System Architecture

TensorRT-LLM is designed with a layered architecture that combines a Python API frontend with highly optimized execution backends. This design enables both ease of use and maximum performance for LLM inference on NVIDIA GPUs.

High-Level Architecture

The system follows a three-layer architecture:

The PyTorch backend is the default and recommended backend for most use cases.

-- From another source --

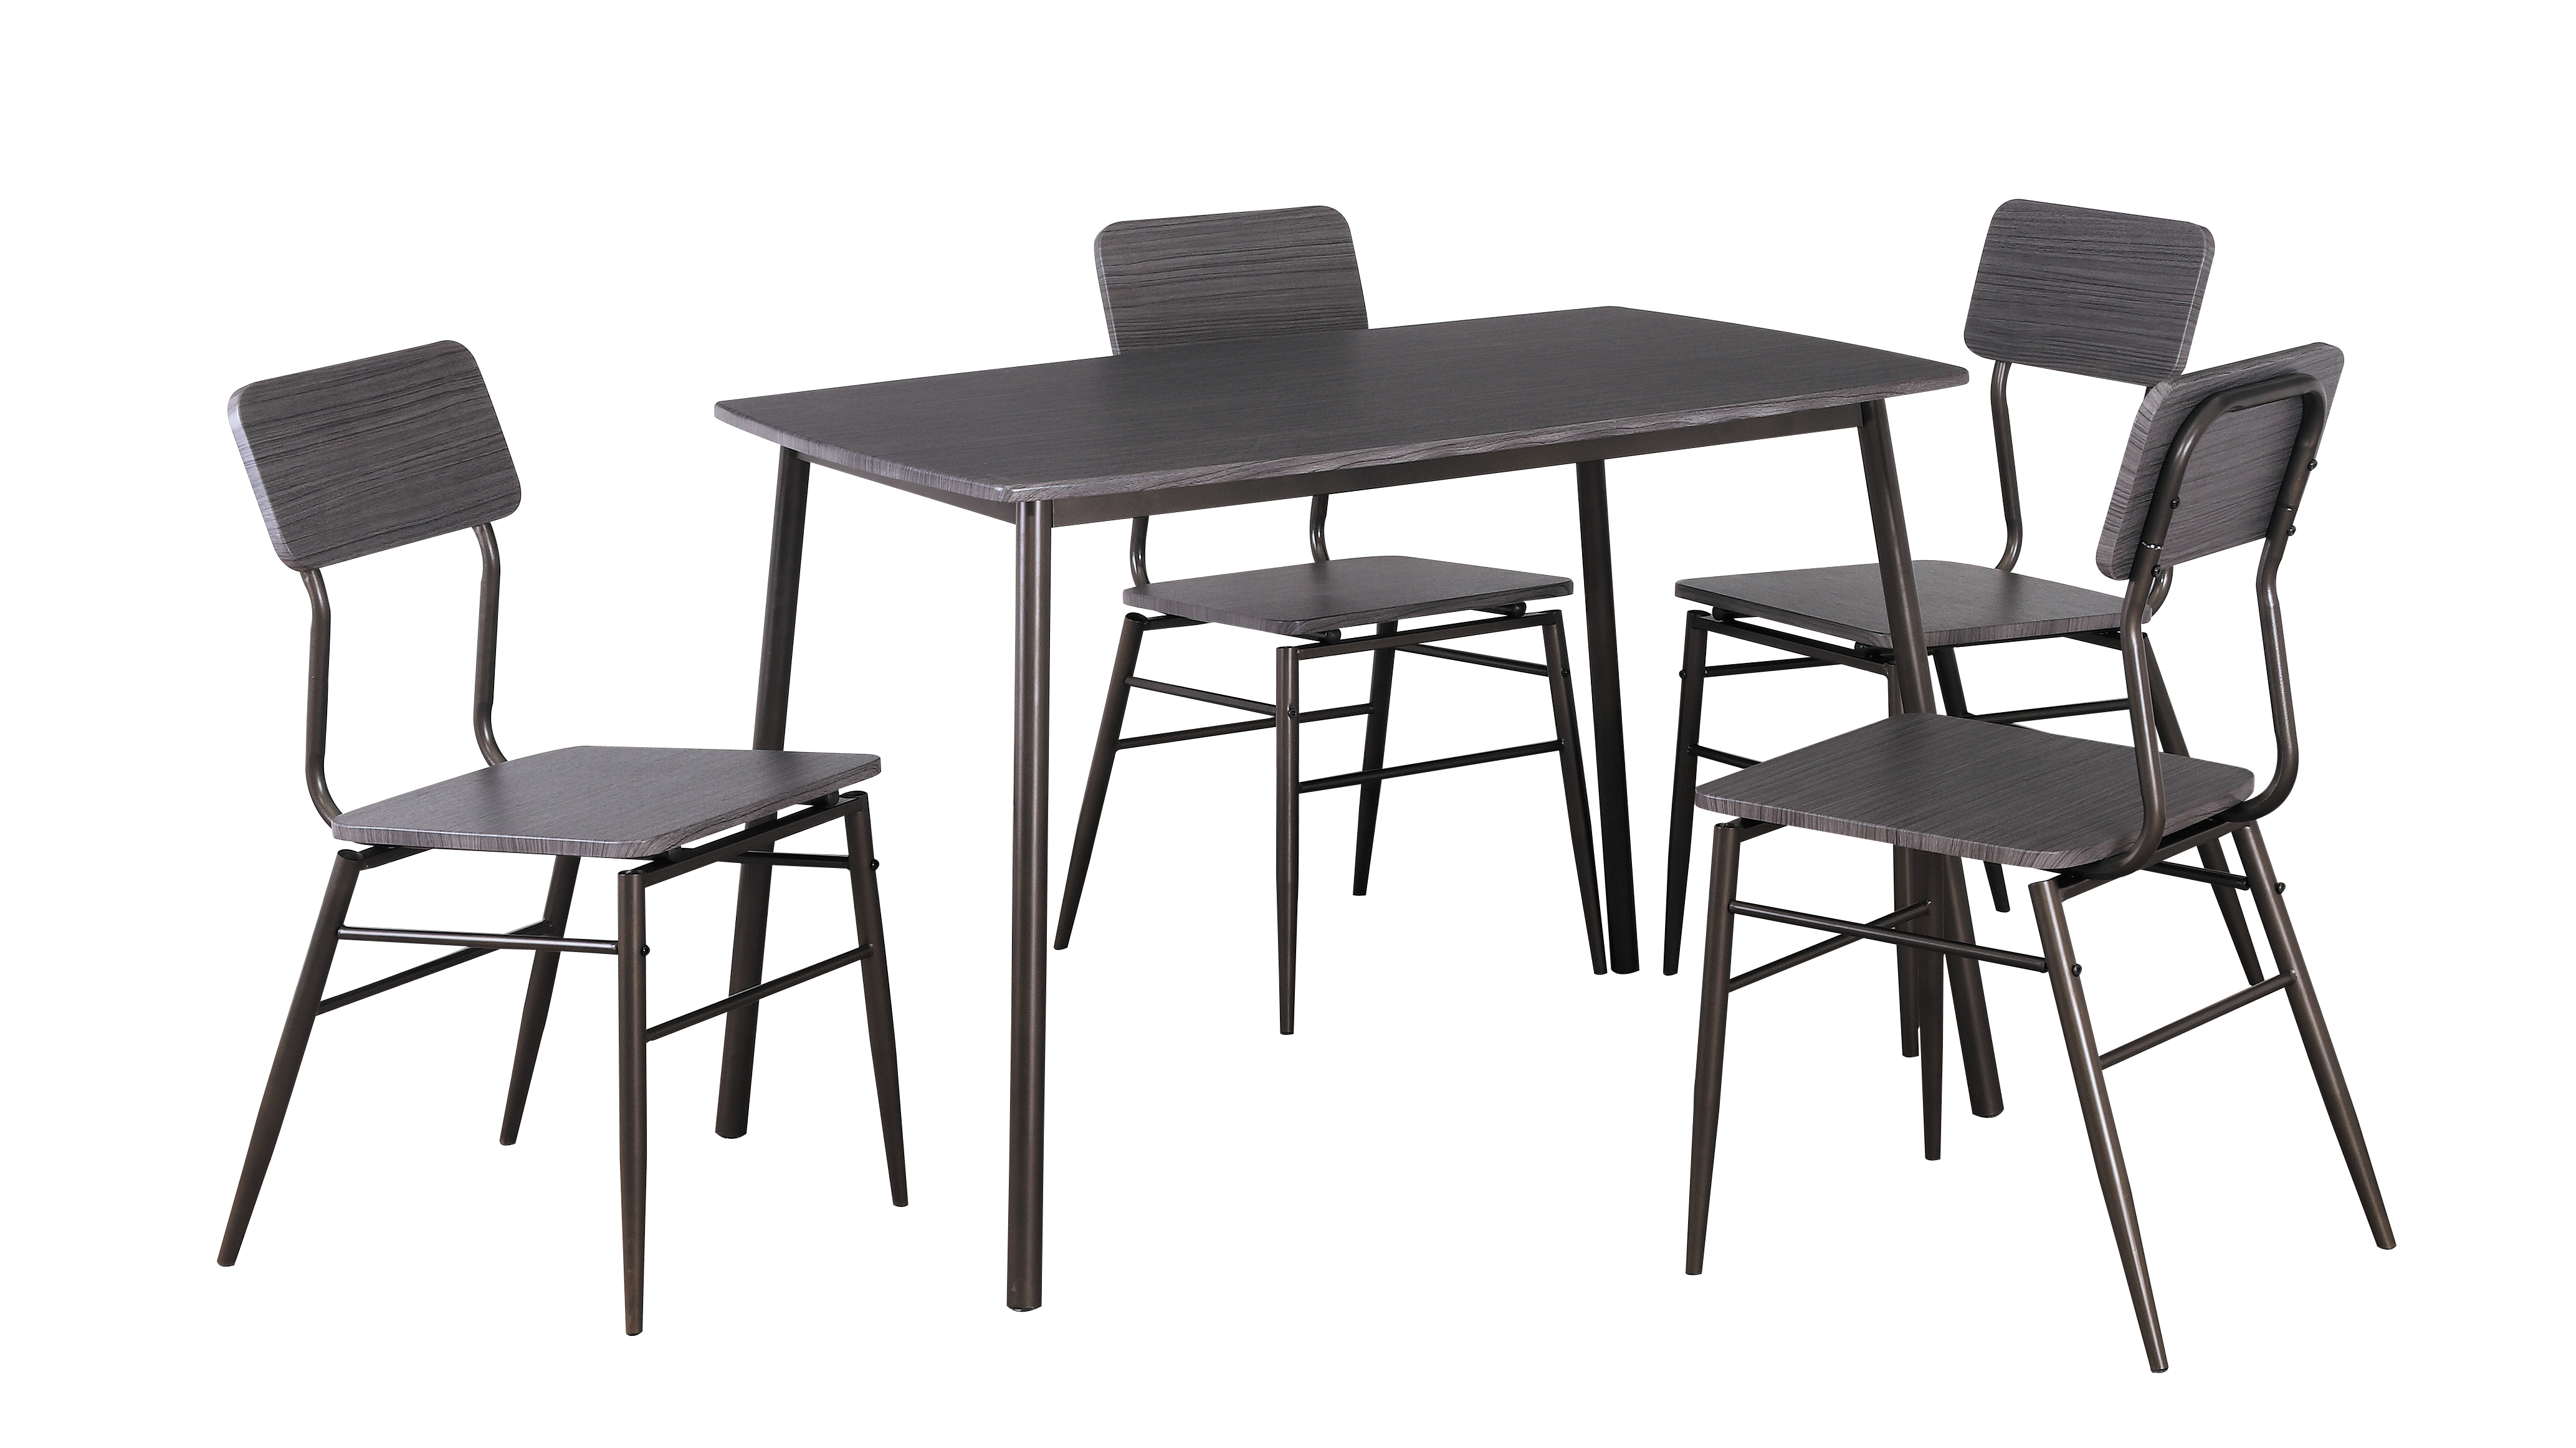 Renewable Design for 8 Seater Glass Table - GS-5147 5PC DINING SET – Xinhai
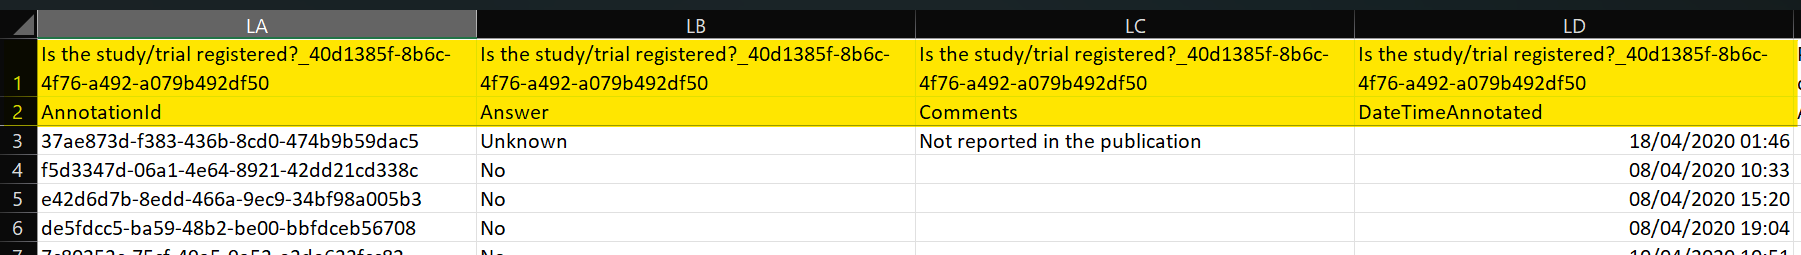 Two header rows with question

It provides the best balance of performance and flexibility.

Core Components

TensorRT-LLM’s architecture is built around several key components that work together to deliver high-performance inference:

LLM API (Entry Point)

The LLM class in tensorrt_llm/llmapi/llm.py serves as the main entry point for users:

from tensorrt_llm import LLM

# Initialize with any HuggingFace model
llm = LLM(model="TinyLlama/TinyLlama-1.1B-Chat-v1.0")

# Generate text
output = llm.generate("Hello, my name is")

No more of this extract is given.